The substance tested up to the maximum recommended concentration with and without metabolic activation system over a 5-hour treatment period did not induce statistically and biologically significant increases in mutant frequency over the background (negative solvent control).
Thus, the test item is considered as being non-mutagenic in this system.

Executive summary:

The test item was tested in a Mammalian Gene Mutation Test in CHO-K1 cells. The test item was dissolved in DMSO and the following concentrations were selected on the basis of cytotoxicity investigations made in a preliminary study without and with metabolic activation using S9 mix of phenobarbital and β-naphthoflavone induced rat liver. Mutation Assay was performed at the following concentrations and treatment intervals: mutation assay 5-hour treatment period with and without S9-mix at 250, 500, 1000 and 2000 µg/ml.

In the performed Mutation Assay the concentration levels were chosen mainly based on the maximum recommended concentration. The maximum recommended concentration for soluble, lower -cytotoxic substances is 2000 µg/ml (based on the updated OECD guideline 476 (2016)).

Phenotypic expression was evaluated up to 8 days following exposure.

In both experimental parts, there were no statistically significant increases in mutation frequency when compared to the concurrent solvent control at any concentration tested in the absence and presence of metabolic activation. In the absence and in the presence of S9 mix, in the cultures at any concentrations tested the mean mutation frequency a little bit exceeded the 95 % confidence interval of the historical control data. Statistically significant differences to the historical control data was observed at concentration 2000 µg/ml in 1 out of 4 cultures. These findings were not considered to be biologically relevant since no dose-response relationships were noted, all values were within the normal range of mutation frequency and no statistical difference to the concurrent controls were observed.

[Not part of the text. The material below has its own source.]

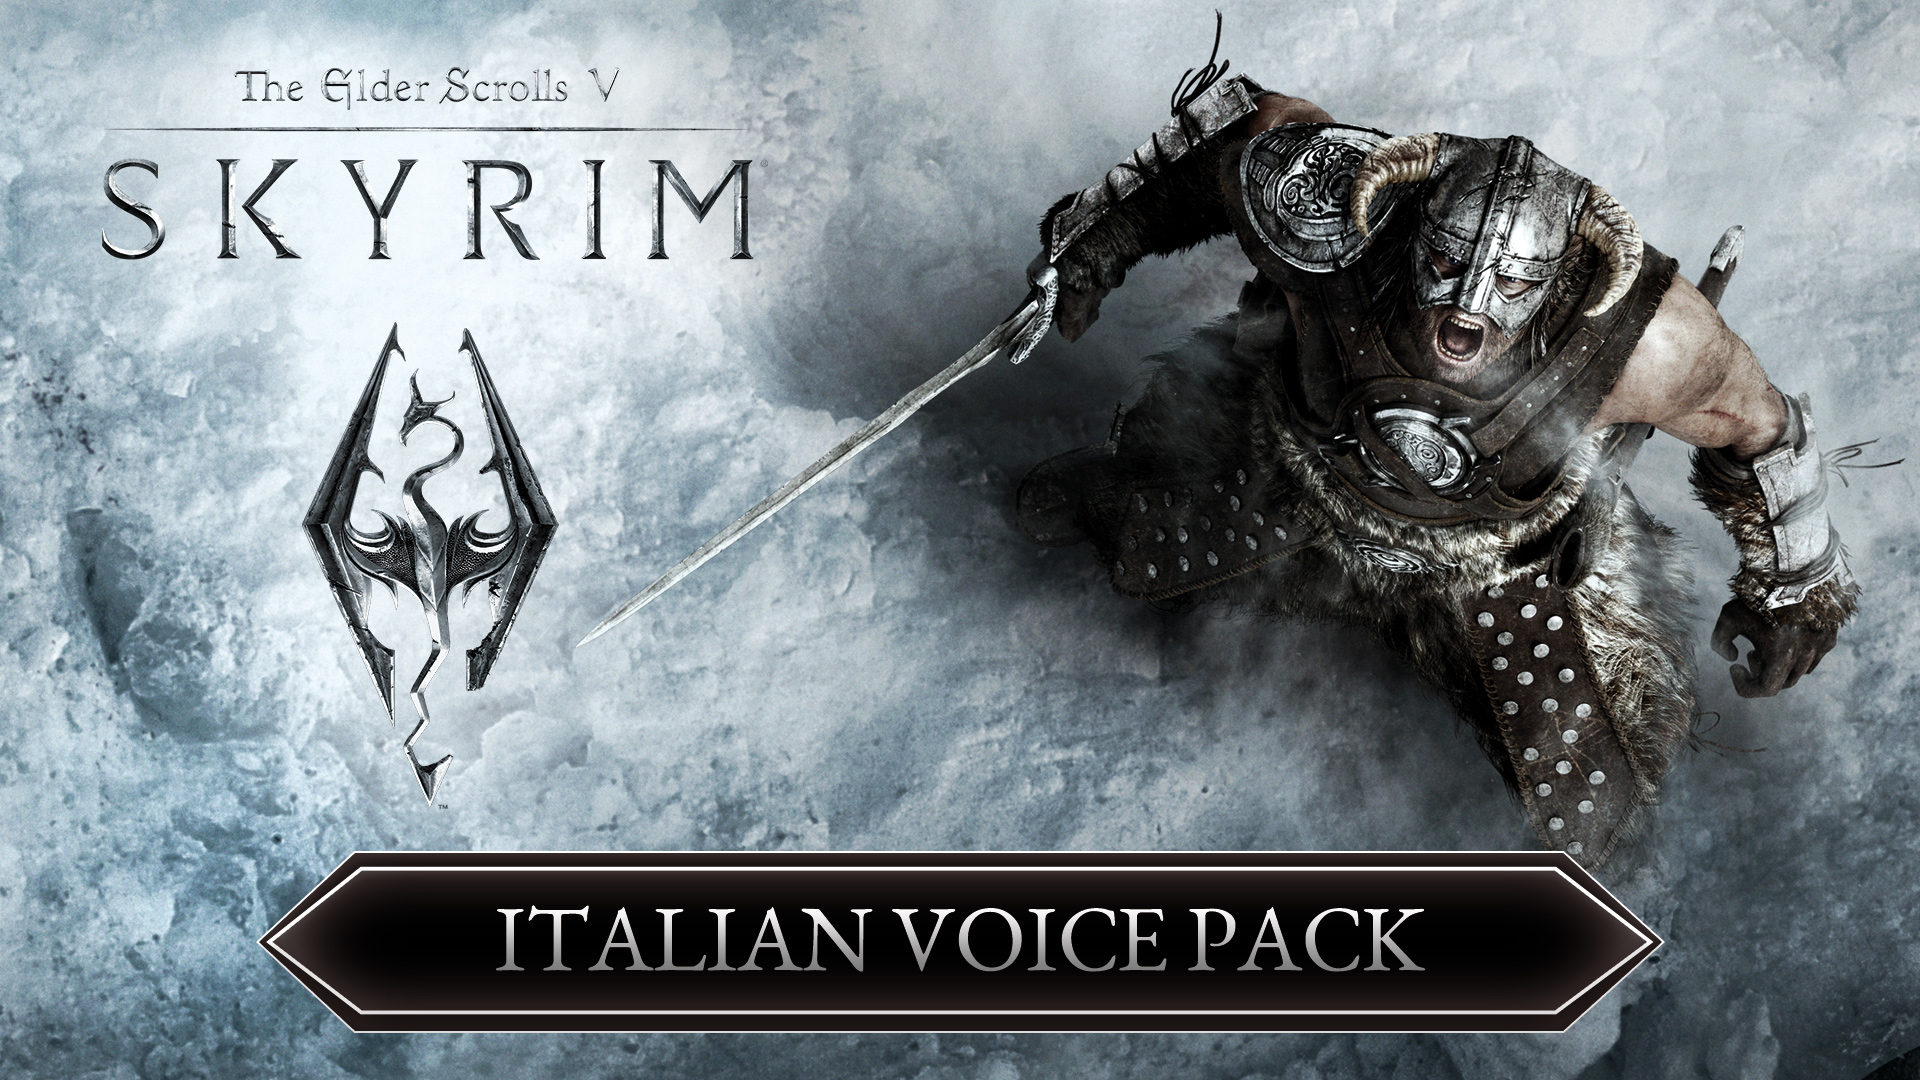 The Elder Scrolls V: Skyrim Italian Voice Pack

The osmolality values of test item solutions did not show any significant alterations compared to the concurrent control groups in the Pre-test on Toxicity and Main Mutation Assay. The pH values of test item solutions showed a dose associated decrease in the acceptable range compared to the concurrent control groups.

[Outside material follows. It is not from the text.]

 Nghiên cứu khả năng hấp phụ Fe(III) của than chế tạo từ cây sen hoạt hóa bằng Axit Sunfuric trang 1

The mutation frequency found in the solvent controls was in the range of historical laboratory control data. The concurrent positive controls caused the expected biologically relevant increases of cells with mutation frequency as compared to solvent controls and were compatible with the historical positive control data. Thus, the study is considered valid.

Conclusion

The substance tested up to the maximum recommended concentration with and without metabolic activation system over a 5-hour treatment period did not induce statistically and biologically significant increases in mutant frequency over the background (negative solvent control).

Thus, the test item is considered as being non-mutagenic in this system.